Python 3.6, Windows. Input file needs to undergo first a binary search/replace, and then a regex search/replace.

I first open the input file in binary mode, do the work, and save it in binary mode in a temporary file. Then I open that in text mode, do the regex search/replace, and save it in text mode (with a name resembling that of the input file).

def fixbin(infile): 
    with open(infile, 'rb') as f:
        file = f.read()

    # a few bytearray operations here, then: 
    with open('bin.tmp', 'wb') as f: 
        f.write(file)

def fix4801(fname, ext): 
    outfile = '{}_OK{}'.format(fname, ext)    
    with open('bin.tmp', encoding='utf-8-sig', mode='r') as f, \
         open(outfile, encoding='utf-8-sig', mode='w') as g: 
        infile = f.read()
        x = re.sub(r'(\n4801.+\n)4801', r'\1    ', infile)
        g.write(y)

infile, fname, ext = get_infile() # function get_infile not shown for brevity
fixbin(infile)
fix4801(fname, ext)

It works but it's ugly.

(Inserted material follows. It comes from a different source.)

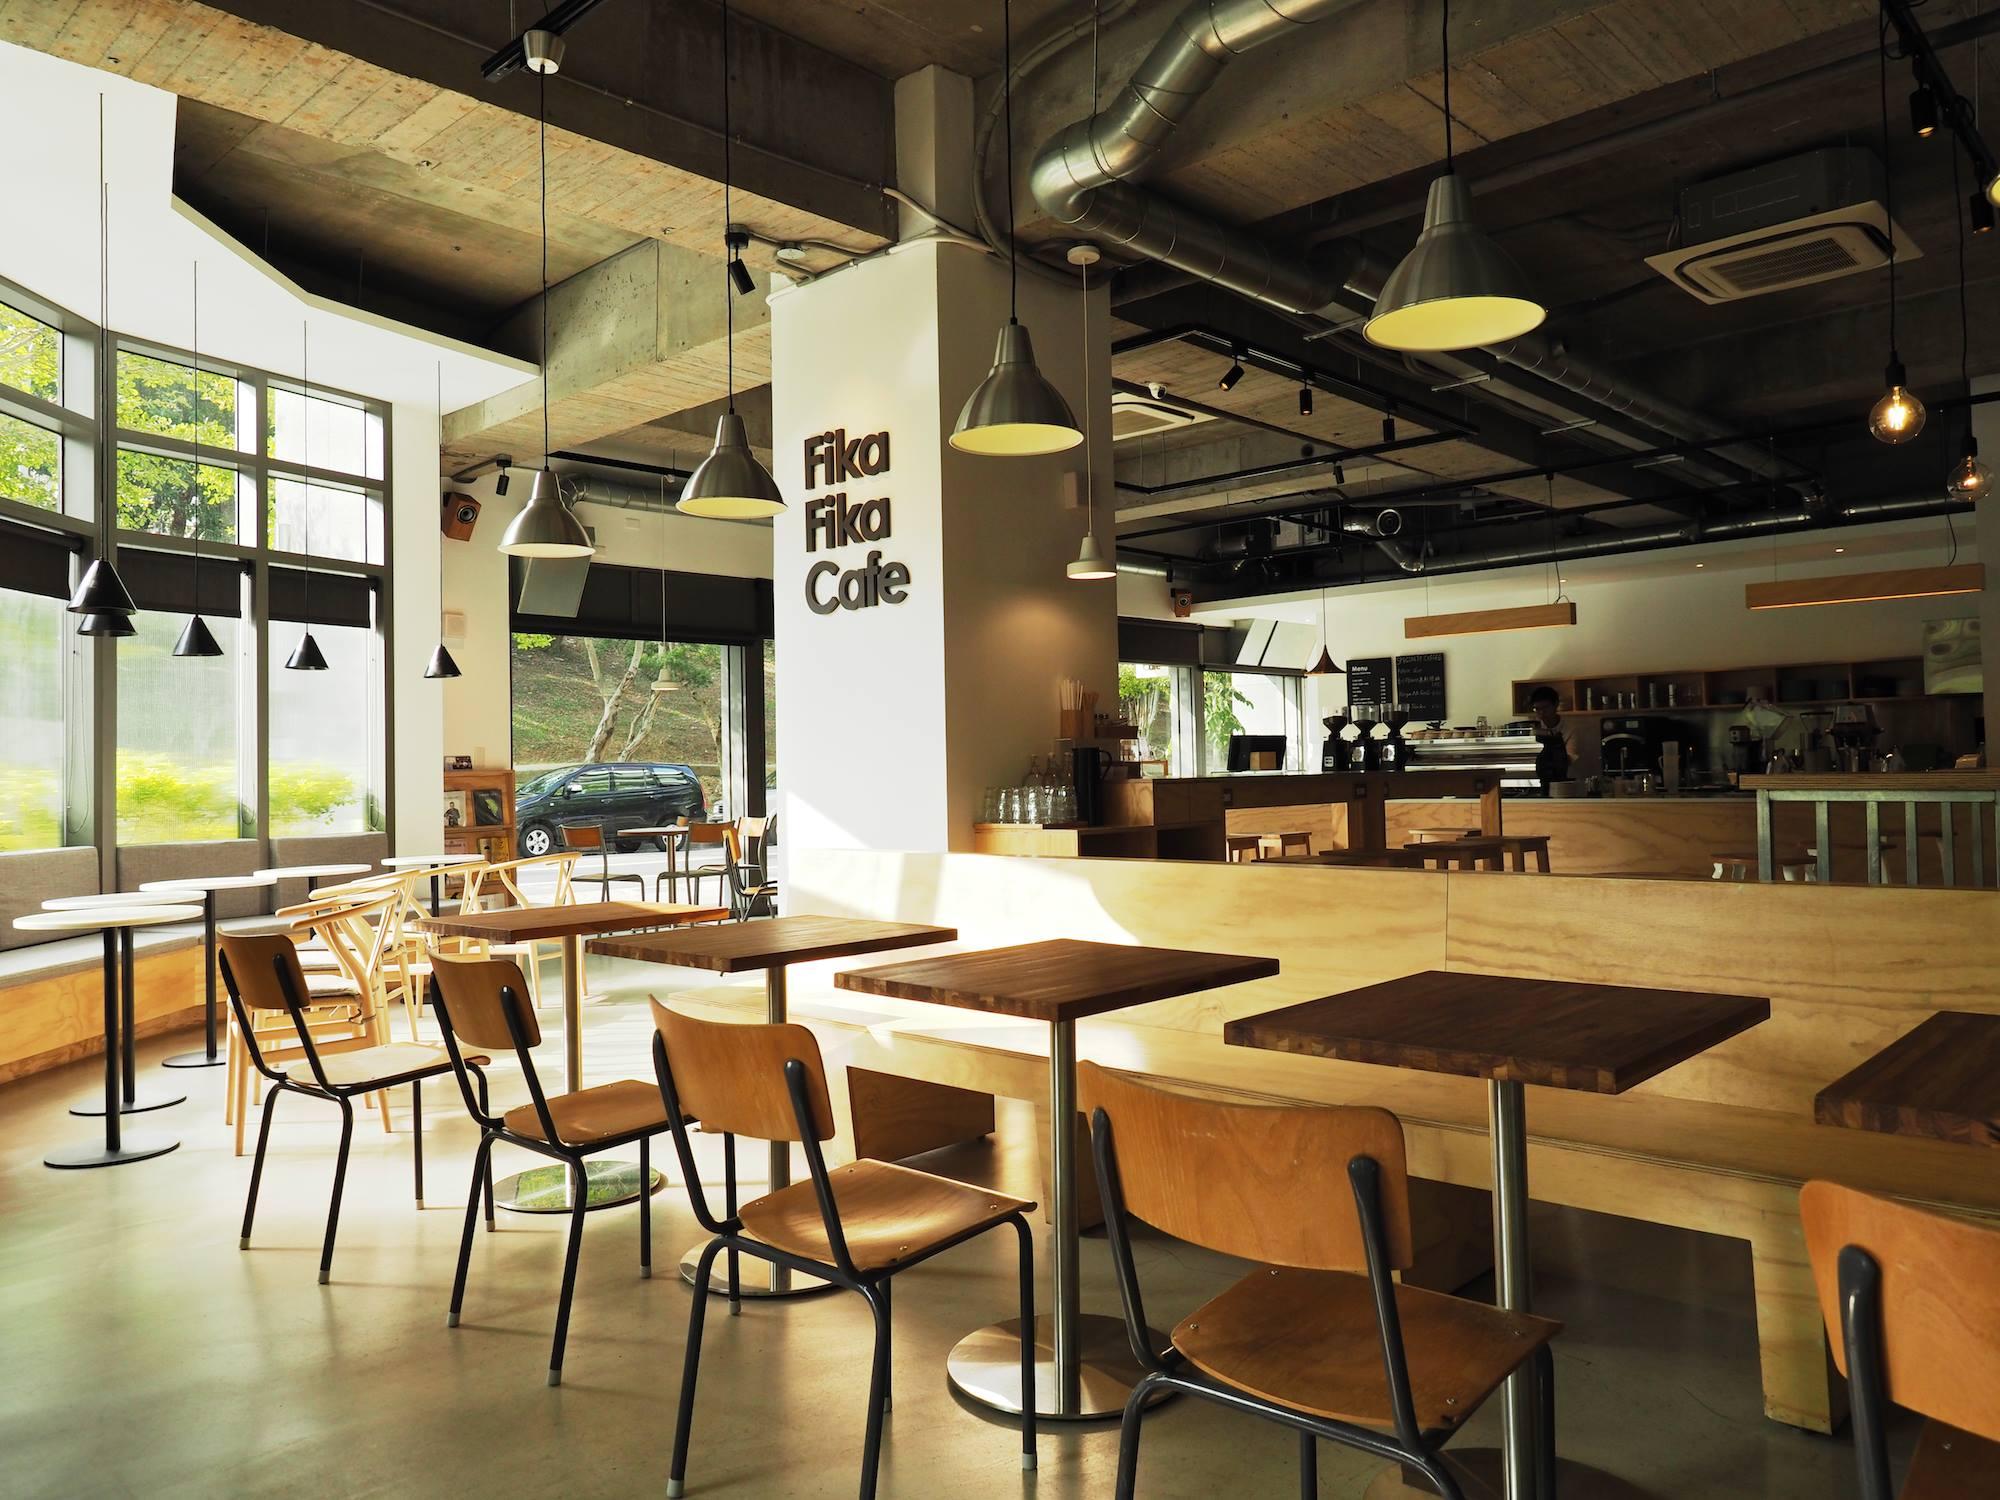 韓懷宗 品味咖啡 - 安可人生雜誌
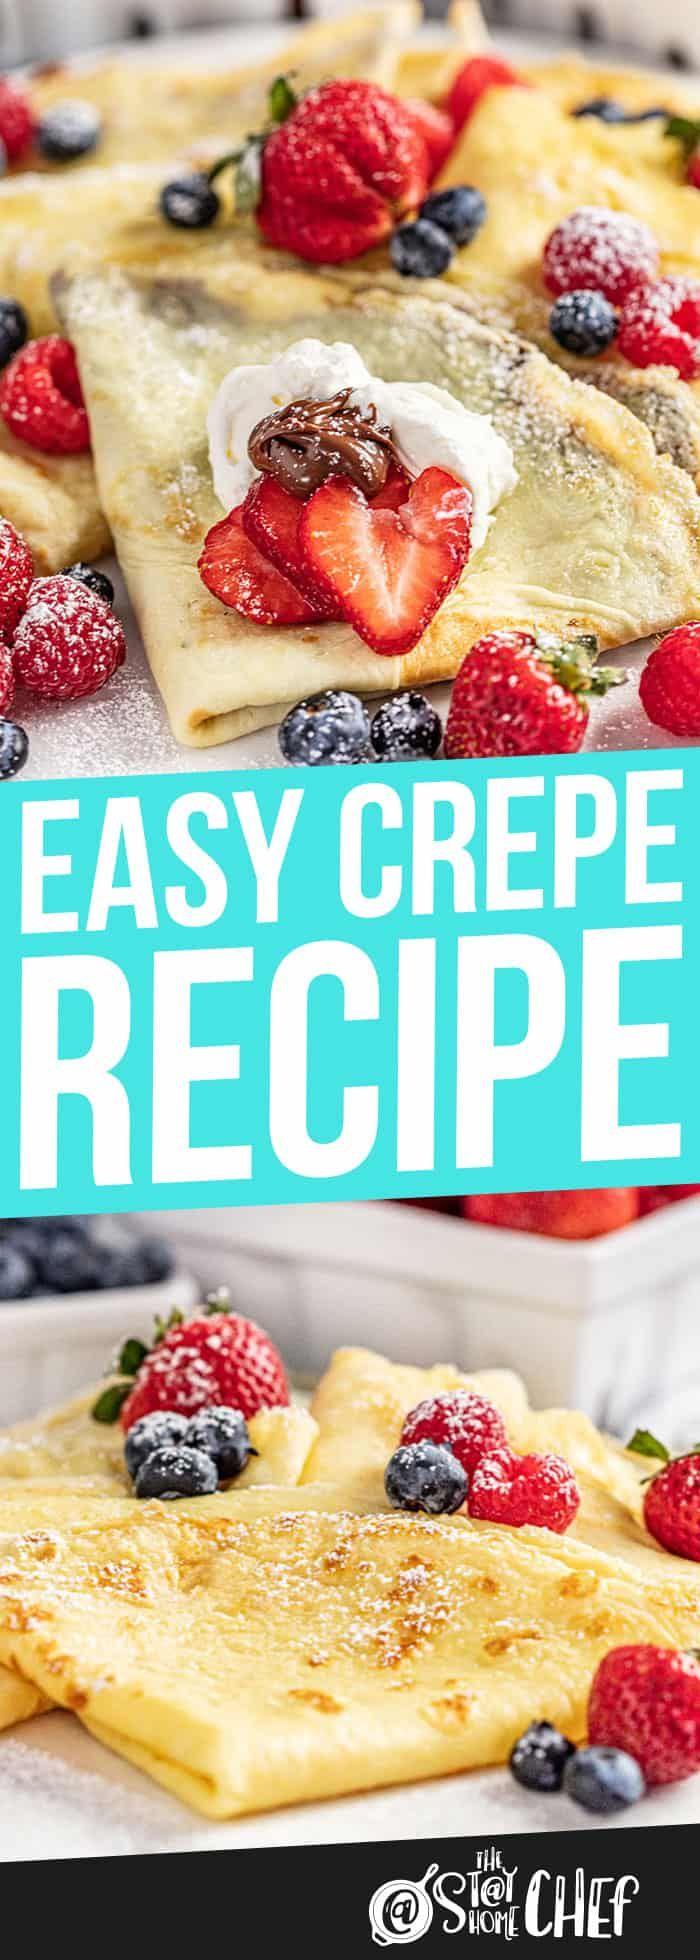 Easiest Crepe Recipe Recipe Easy Crepe Recipe Favorite Breakfast Recipes Crepes Recipe Breakfast

I'd rather pass outputs as files, like so:

def fixbin(infile): 
    with open(infile, 'rb') as f:
        file = f.read()
    # a few bytearray operations here, and then
    return file.decode('utf-8')

def fix4801(infile): 
    x = re.sub(r'(\n4801.+\n)4801', r'\1    ', infile)
    return x

...
temp = fixbin(infile)
result = fix4801(temp)

outfile = '{}_OK{}'.format(fname, ext)
with open(outfile, encoding='utf-8-sig', mode='w') as g:
    g.write(result)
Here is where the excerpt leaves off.